Event driven systems + consumer proxy

Introduction

At Loop, we're building an AI-native logistics data platform that unifies fragmented transportation and shipping data into a single source of truth. Our platform automates previously manual workflows across freight audit, parcel tracking, carrier payments, and cost allocation, processing millions of logistics events daily for our clients.

The complexity of our domain is staggering. For example, let's consider what happens when a single PDF arrives:

Classification: We first need to determine what type of document the PDF file is. For example, it may be an Invoice, Proof of Delivery, Rate Contract, Customs Document, or many more.
Atomic Tasks: Once we know what type of document it is, next we extract all of the details from the document using the Atomic Task System. These data points are extracted as requested by the many Domains throughout our backend, and may cascade depending on the datapoints that were extracted in previous tasks.
Normalization: Once extraction has reached a point where we are confident all of the necessary data is extracted. We turn the raw extracted data into our own internal representation of entities
Matching: This step links related entities that may have come into our system at different times. For example, a separate Bill of Lading PDF and Invoice PDF would be linked to a shared Shipment entity.
Audit: We then apply hundreds of business rules to detect overcharges and errors on these shared entities.
Search Indexing: Throughout these entity updates, we continuously update Elasticsearch indices for client visibility.
Many more: On top of all this there may be many other steps not listed. These include sending notifications to clients, populating analytics views, categorizing charges to GL coding rules, syncing data to a client TMS, and more.

‍

‍

This is where event-driven architecture becomes essential. Rather than tightly coupling these systems with synchronous service calls or batch jobs, we model each business state change as an immutable event. These events flow through our platform, triggering specialized consumers that handle specific aspects of processing.

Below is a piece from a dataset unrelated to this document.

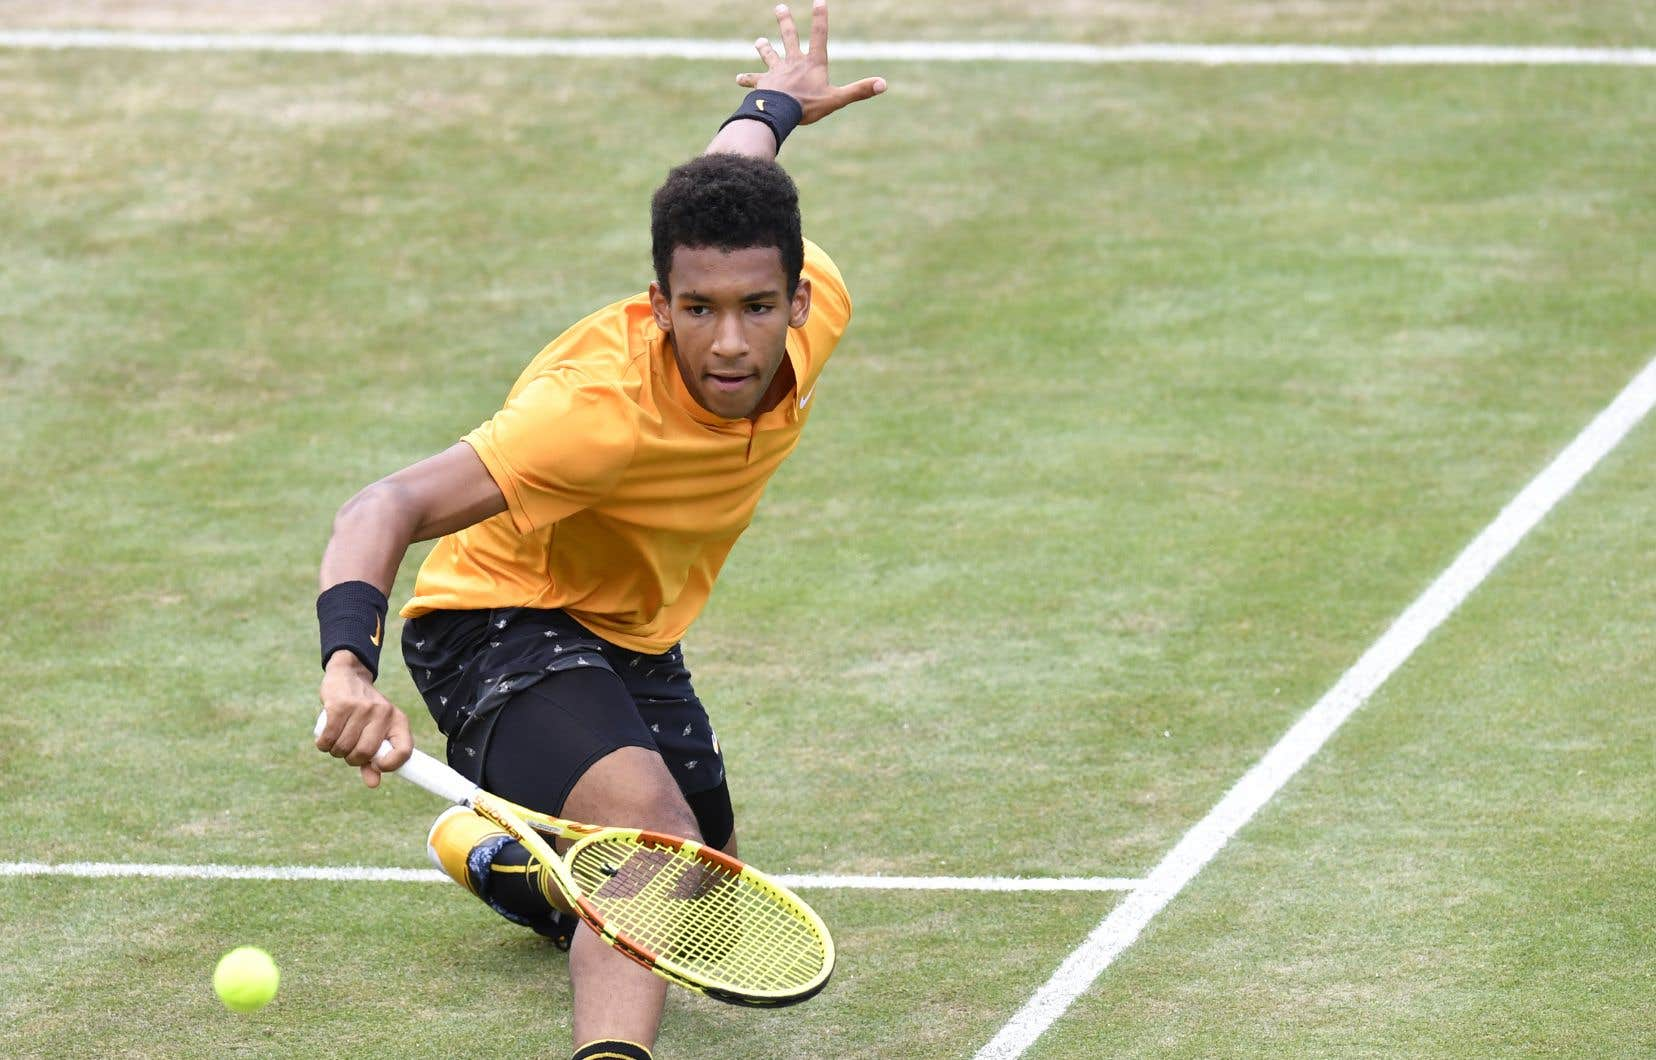 Auger-Aliassime avait accédé à la finale en raison du retrait à cause de maux de dos d'un compatriote, Milos Raonic.

After all is said and done, a single PDF might generate 50+ discrete processing tasks across our system. This manifests as nearly 100 million of Kafka events delivered to consumers every day; all must be processed reliably, in order, with strong consistency guarantees.

The rest of this post explores how we built and scaled this event-driven architecture, and the challenges we faced along the way.

Event driven design at Loop

Since these events are critical in ensuring work is completed on all entities that enter our system, our event system has a two guarantees we must uphold:

At least once delivery.
Entity mutations must create the expected events.
Events must be delivered in order per event type. For example, if a consumer is listening for foo_entity_revised events, we don’t want a deletion event arriving before a creation event.

Durable events

To ensure these requirements, we built the Durable Event system. This system is built on three core components: a transactional outbox in our backend Postgres database, a dedicated service writing the outbox to Kafka, and event consumer handlers.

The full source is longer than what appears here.